The 2.5D MST for sound propagation through arrays of cylinders parallel to the ground
Paper in proceedings, 2020
In this work sound propagation through arrays of cylinders oriented parallel to the ground is of interest. The structures are placed in a three-dimensional domain and are insonified by a monopole or incoherent line source. Assuming a cross-sectionally invariant structure one can efficiently obtain the 3D pressure field for such arrangements by post-processing a series of 2D solutions - a technique usually referred to as a 2.5D transform. Since the initiation of the 2.5D transform for outdoor sound propagation it has been successfully applied together with frequency domain methods such as the Boundary Element Method and the Equivalent Sources Method. However, to predict for sound propagation through sonic crystal noise barriers the 2D Multiple Scattering Theory (2D MST) is often used, and has proven to be very efficient. We therefore introduce the 2.5D MST to solve for 3D scattering by clusters of acoustically rigid cylinders. It will be shown that only a few simple substitutions applied to the 2D MST kernel allows us to solve for imaginary wave numbers, which are needed in the 2.5D transform. The proposed method is numerically validated for two basic cases: (i) a point source above rigid ground, and (ii) off-axis scattering by a cylinder in free-field. Both are shown to be in excellent agreement with the respective reference calculations.

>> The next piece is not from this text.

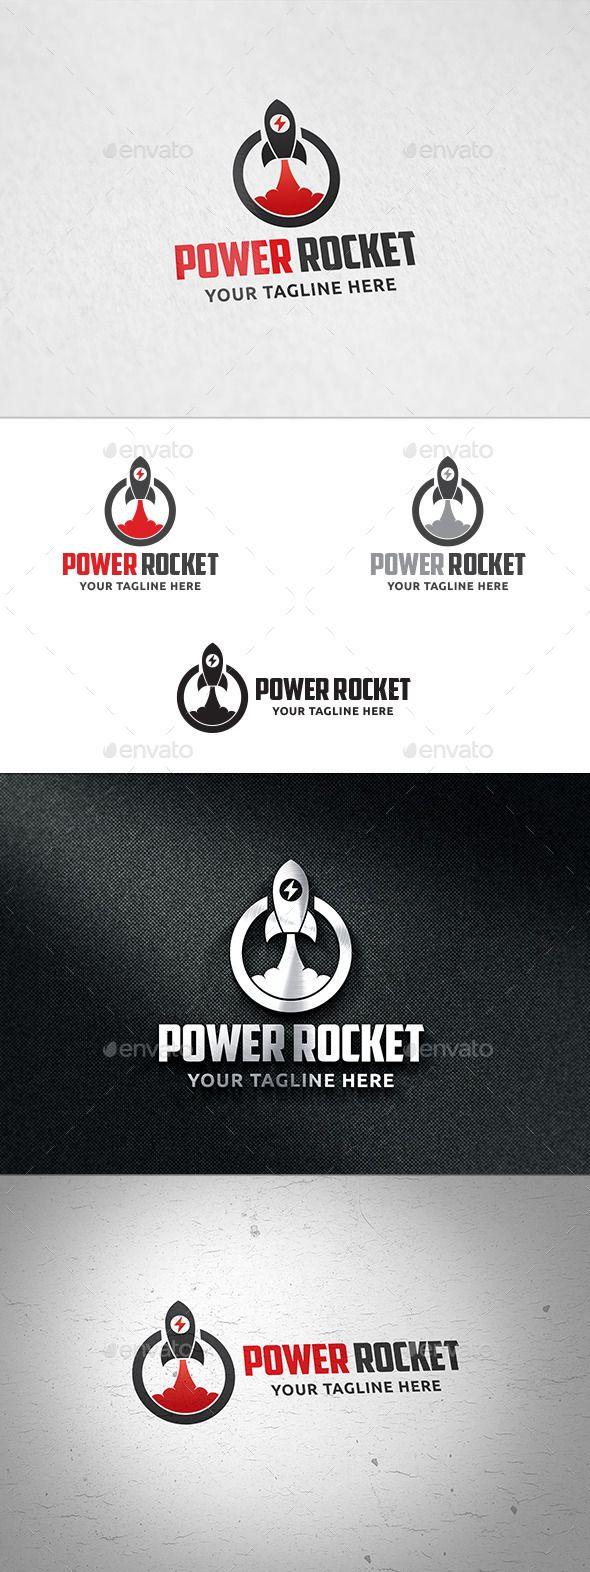 Power Rocket  Logo Templates — Vector EPS #explore #web rocket • Available here → https://graphicriver.net/item/power-rocket-logo-templates/12376119?ref=pxcr
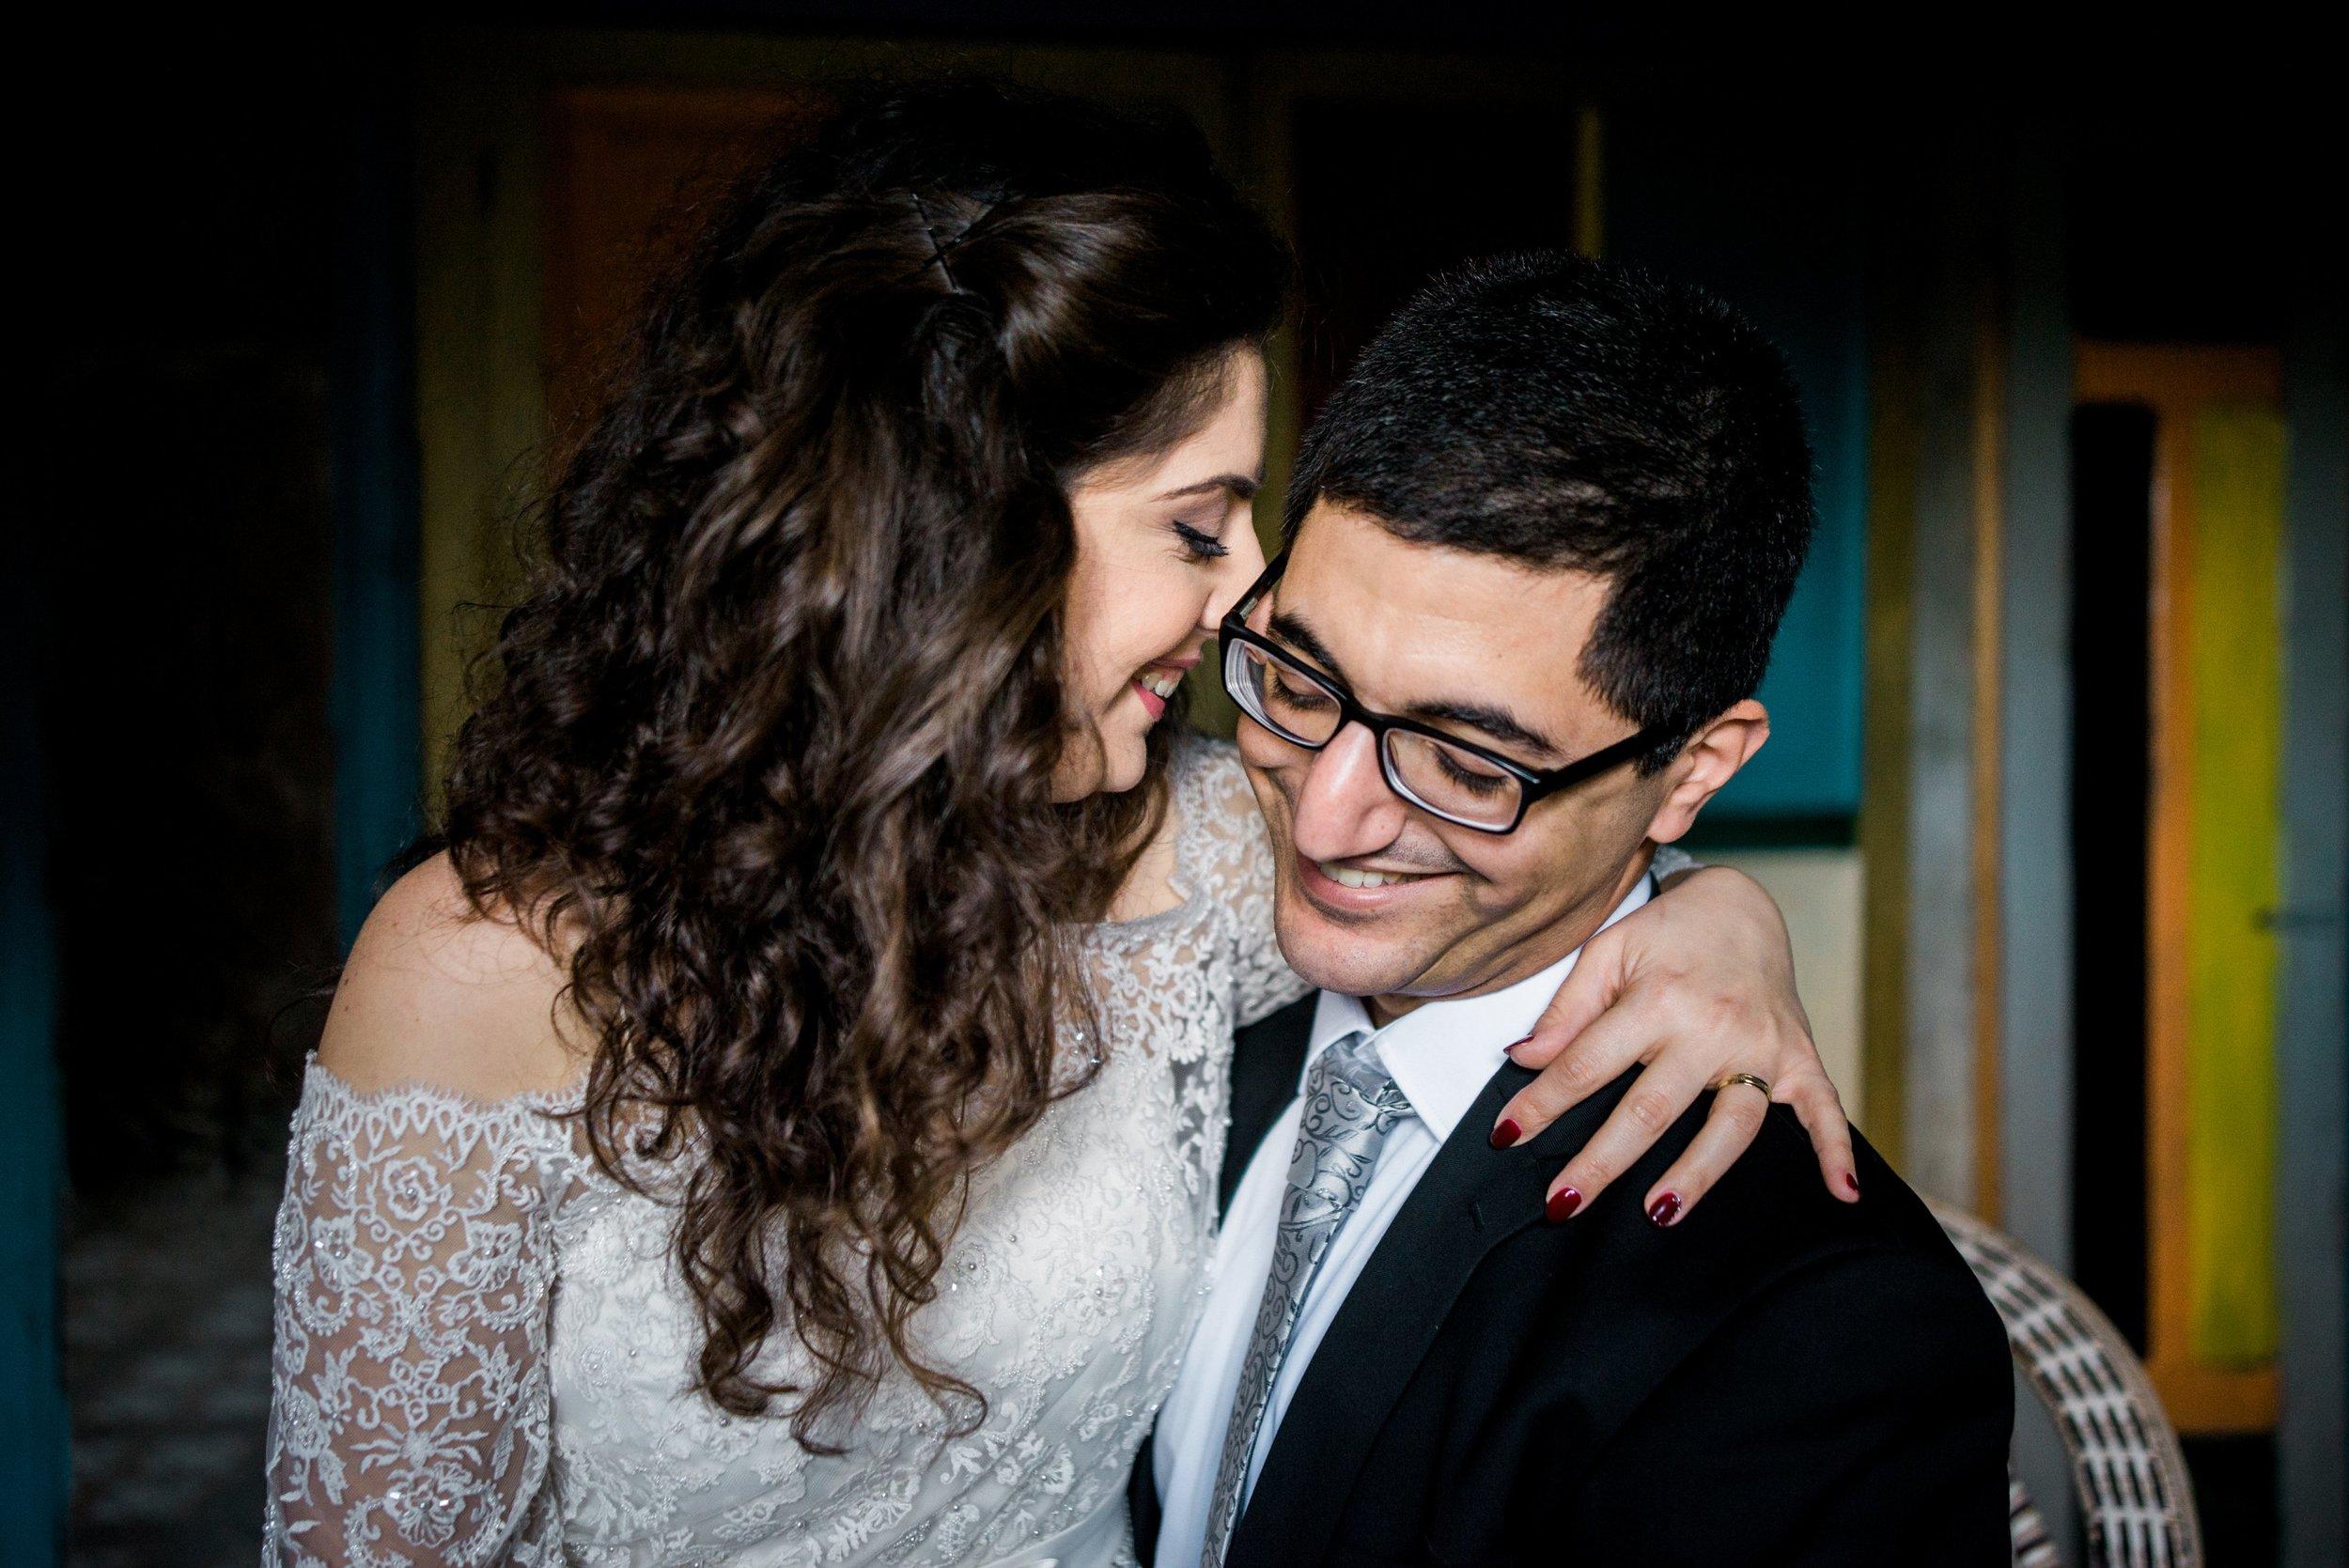 israel-garden-wedding-portraits-session-kate-giryes-photography--51_WEB.jpg

We further demonstrate some calculation results for sound propagation through graded index sonic crystals, and find that off-axis insonification of these structures shifts the characteristic frequency response upwards, as could be expected. Finally, we also present calculation results for infinite and finite incoherent line sources and display the existence of a spectral smearing effect for both source types.